What to Expect with Standing Enucleations

While severe equine eye injuries or disorders can be gruesome in appearance, they generally aren't life-threatening. Thanks to medical and technological advances, veterinarians can now treat eye issues more effectively than they have in the past. But if treatment fails, veterinarians also have the option of removing the eye without the risks associated with general anesthesia using a procedure called a standing enucleation.

At the 2013 American Association of Equine Practitioners' Convention, held Dec. 7-11 in Nashville, Tenn., Wendy Townsend, DVM, MS, Dipl. ACVO, assistant professor of ophthalmology at the Purdue University College of Veterinary Medicine, reviewed how to perform a standing enucleation and what to expect.

Townsend said the standing eye removal surgery is a reasonable alternative to enucleations performed under general anesthesia, but case selection is critical to success—not every horse is a good candidate for this procedure. The standing procedure could benefit large, lame, or geriatric horses that could be at-risk for complications when recovering from general anesthesia, she said. Case selection should also take into account the horse's temperament (calmer is better), the degree of discomfort (less painful eyes are better), and the extent of surgery (procedures involving resection and reconstruction—such as eye removals related to neoplasia, or tumors—aren't good candidates for the standing procedure), she added.

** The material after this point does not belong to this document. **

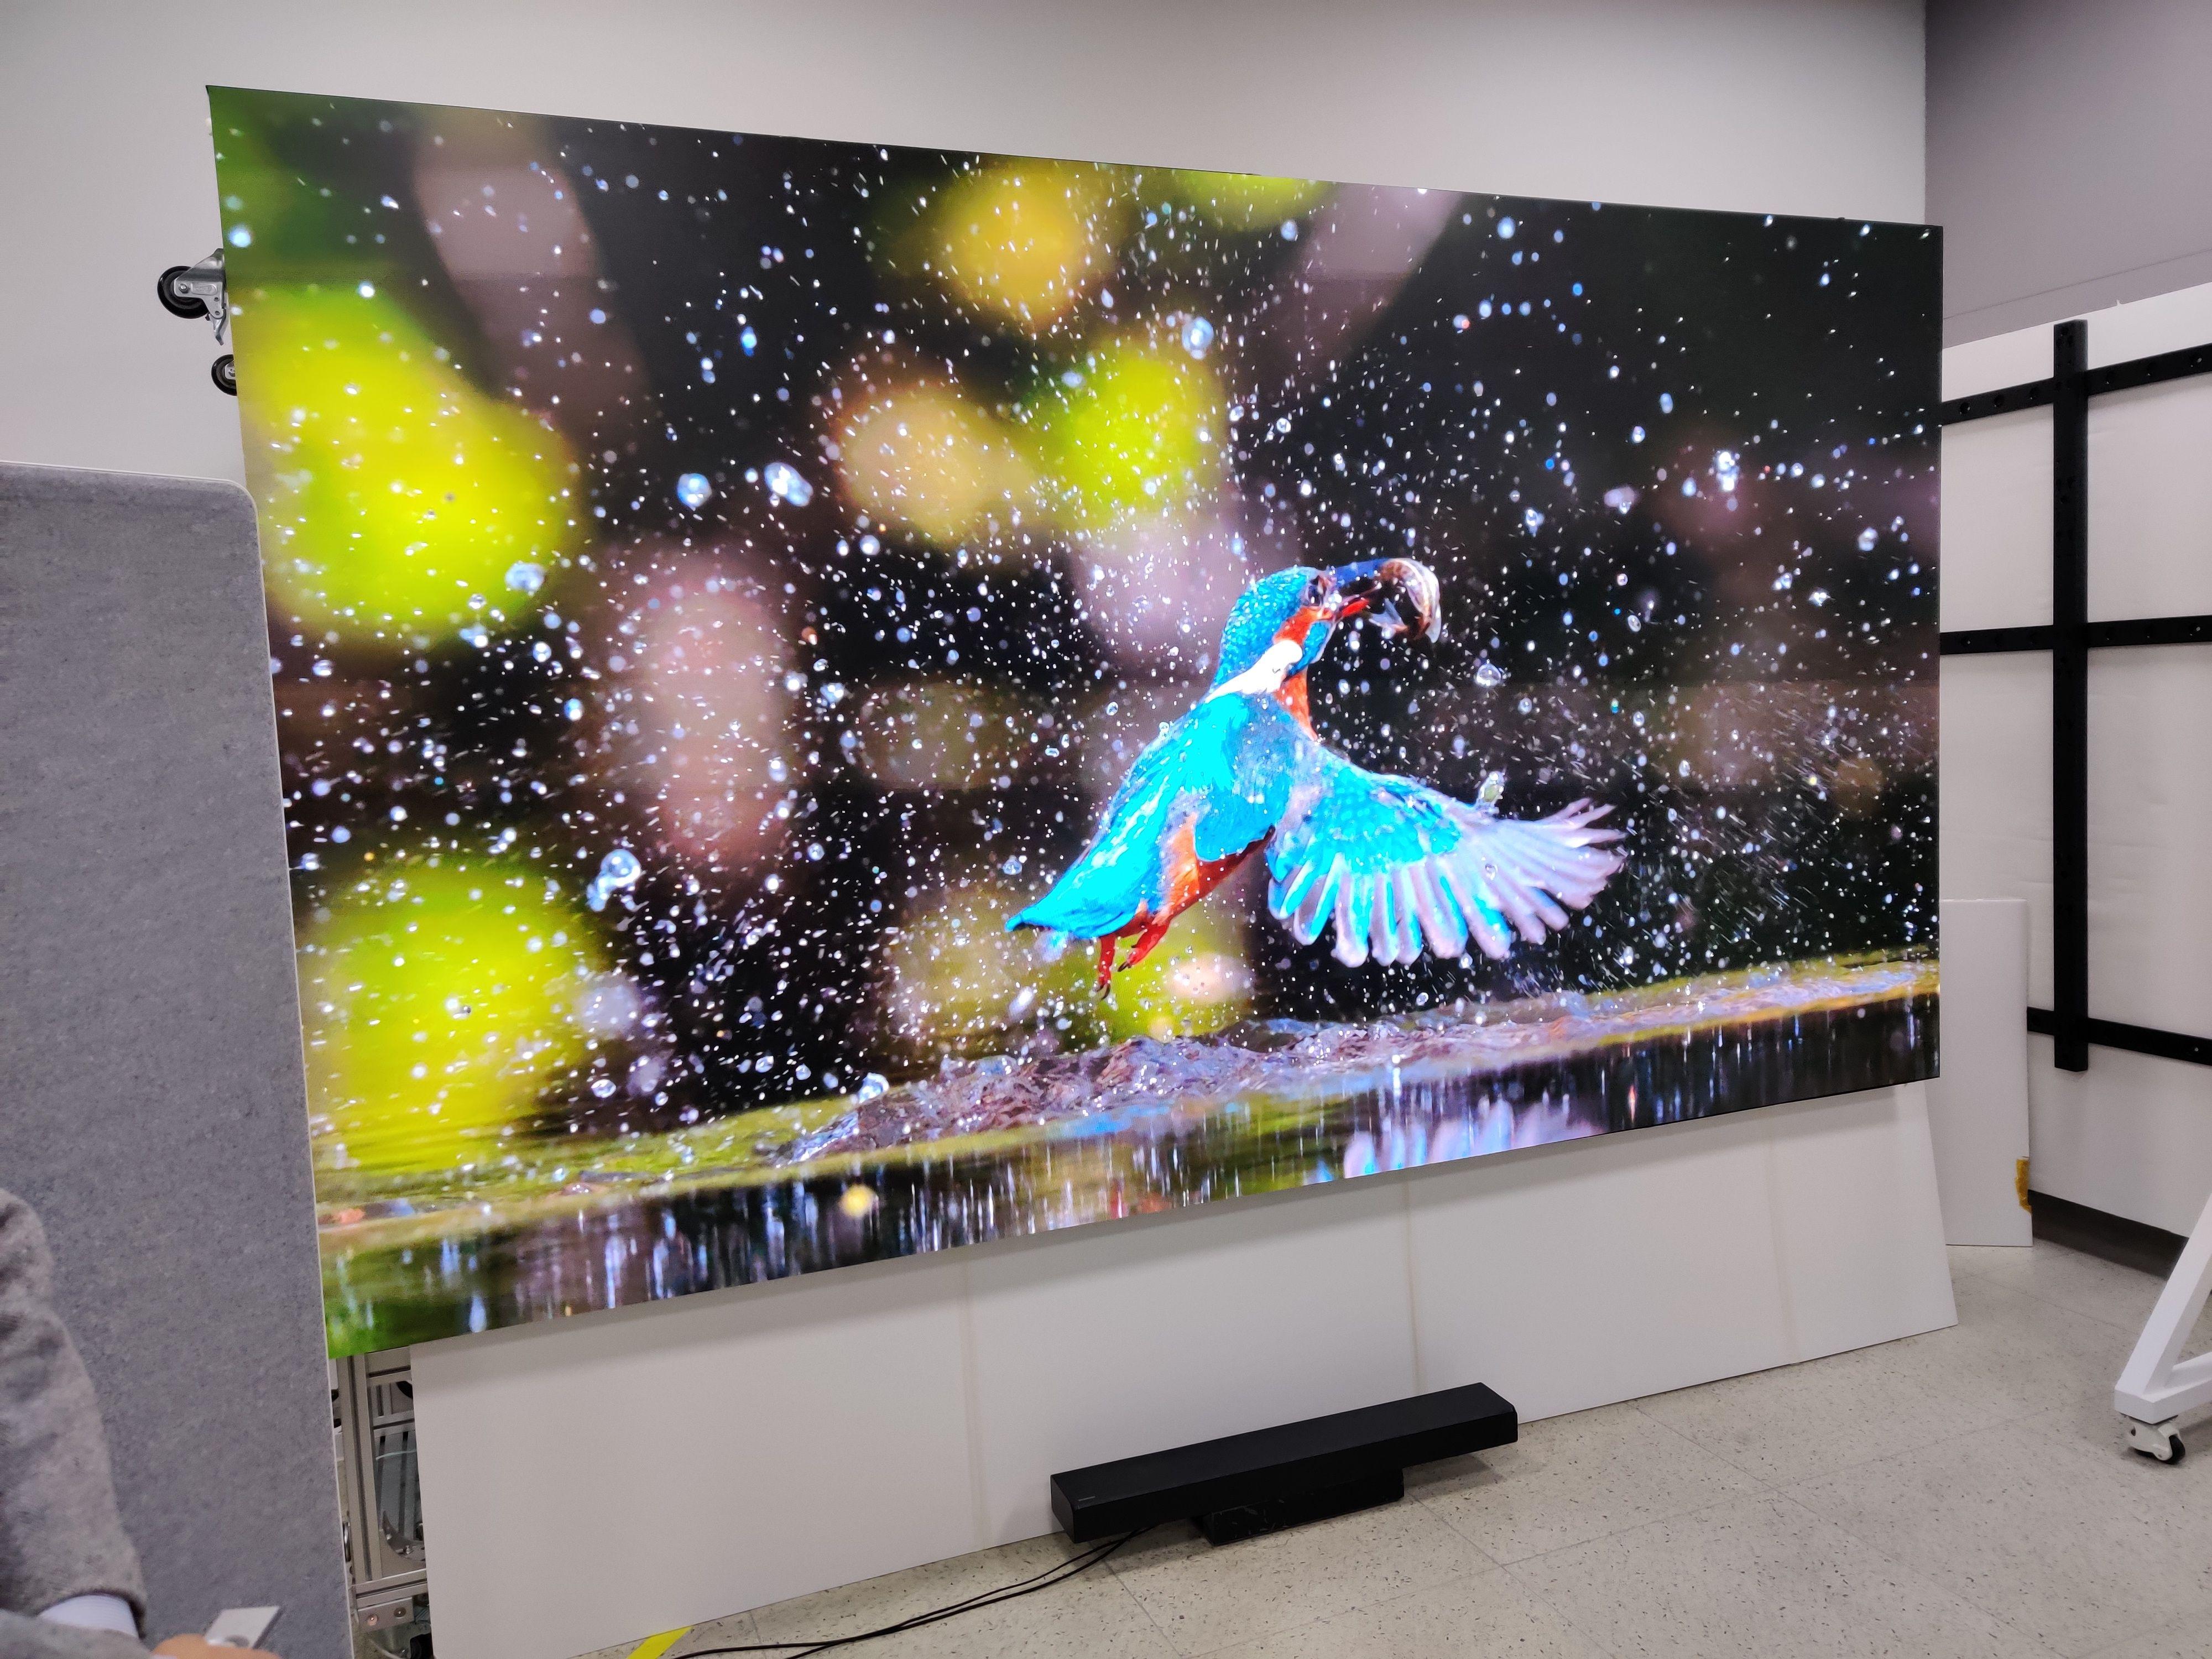 Micro-LED gir uten tvil det råeste bildet vi har sett.

Next, Townsend reviewed with veterinarians some key points to consider when removing an eye in a standing, sedated horse:

  • Place the horse in stocks and use a head rest (which can be something as simple as a trash can under a foam anesthesia pad or hay bales covered in towels). Also, ensure the horse's halter is well-padded to prevent pressure points and potential nerve damage during sedation.
  • Before beginning the procedure, administer the appropriate medications. Townsend said she administers flunixin meglumine (a non-steroidal anti-inflammatory drug), gentamicin (an antibiotic), and potassium penicillin (another antibiotic) prior to surgery, as well as a bolus of detomidine (a sedative) and butorphanol (a pain reliever). She added that the horse might need additional detomidine throughout surgery to remain adequately sedated.
  • Next, veterinarians should administer the local anesthetics and nerve blocks prior to surgery. Townsend reviewed how and where to administer the injections with the veterinary audience.
  • Finally, the veterinarian can perform the enucleation. Townsend stressed that practitioners should ensure the entire eye globe and associated structures are removed from the horse's skull before closing the incision and applying post-operative dressing.

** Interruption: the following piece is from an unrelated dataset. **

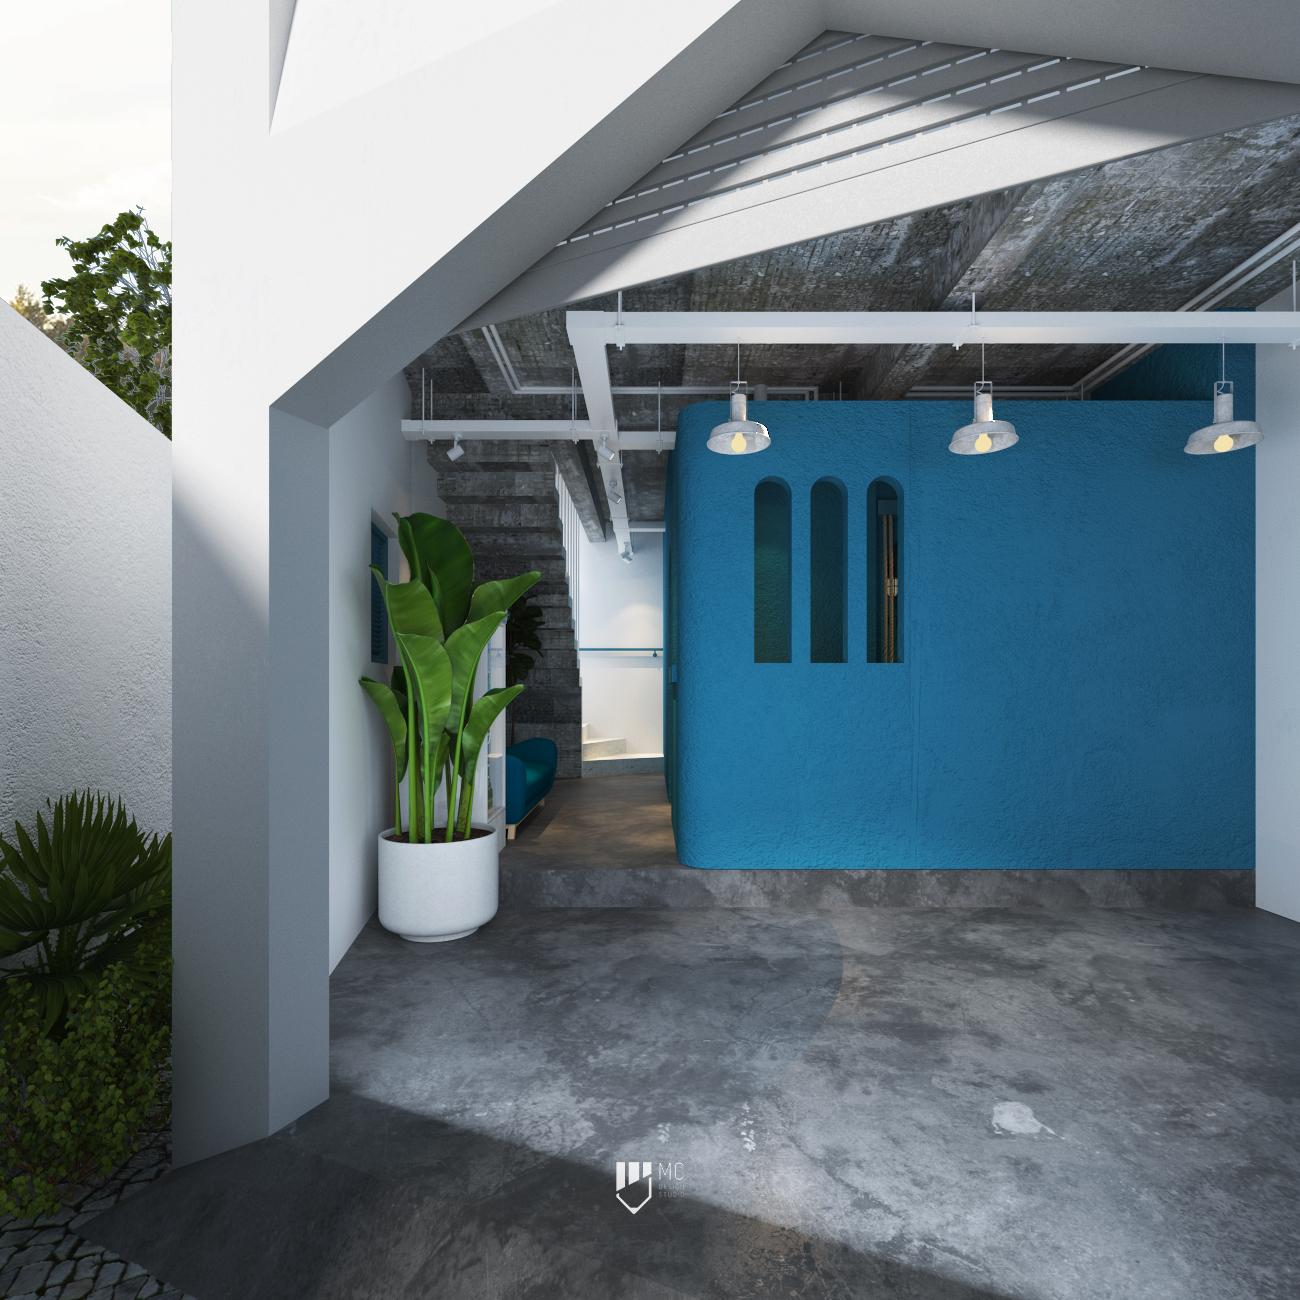 Thiết kế Nhà Mặt Phố tại Hồ Chí Minh T.H.S HOUSE 1588586224 3

After surgery, Townsend recommended maintaining the horse on flunixin meglumine for three to five days after surgery and antibiotics, as needed. The post-operative dressing will remain in place for a day after the procedure, and the sutures are removed 10-14 days after surgery.

Townsend noted that complications are rare, and she has not experienced any in her practice.

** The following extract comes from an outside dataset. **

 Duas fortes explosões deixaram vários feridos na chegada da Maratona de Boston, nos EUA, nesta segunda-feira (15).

She also noted that results from one study suggested that a standing enucleation costs about 66% as much as enucleation performed under general anesthesia.

"Performing an enucleation in the standing horse is straightforward and allows the surgeon to avoid the potential complications associated with general anesthesia," Townsend concluded, noting that she prefers the standing procedure unless there are mitigating factors.

Disclaimer: Seek the advice of a qualified veterinarian before proceeding with any diagnosis, treatment, or therapy.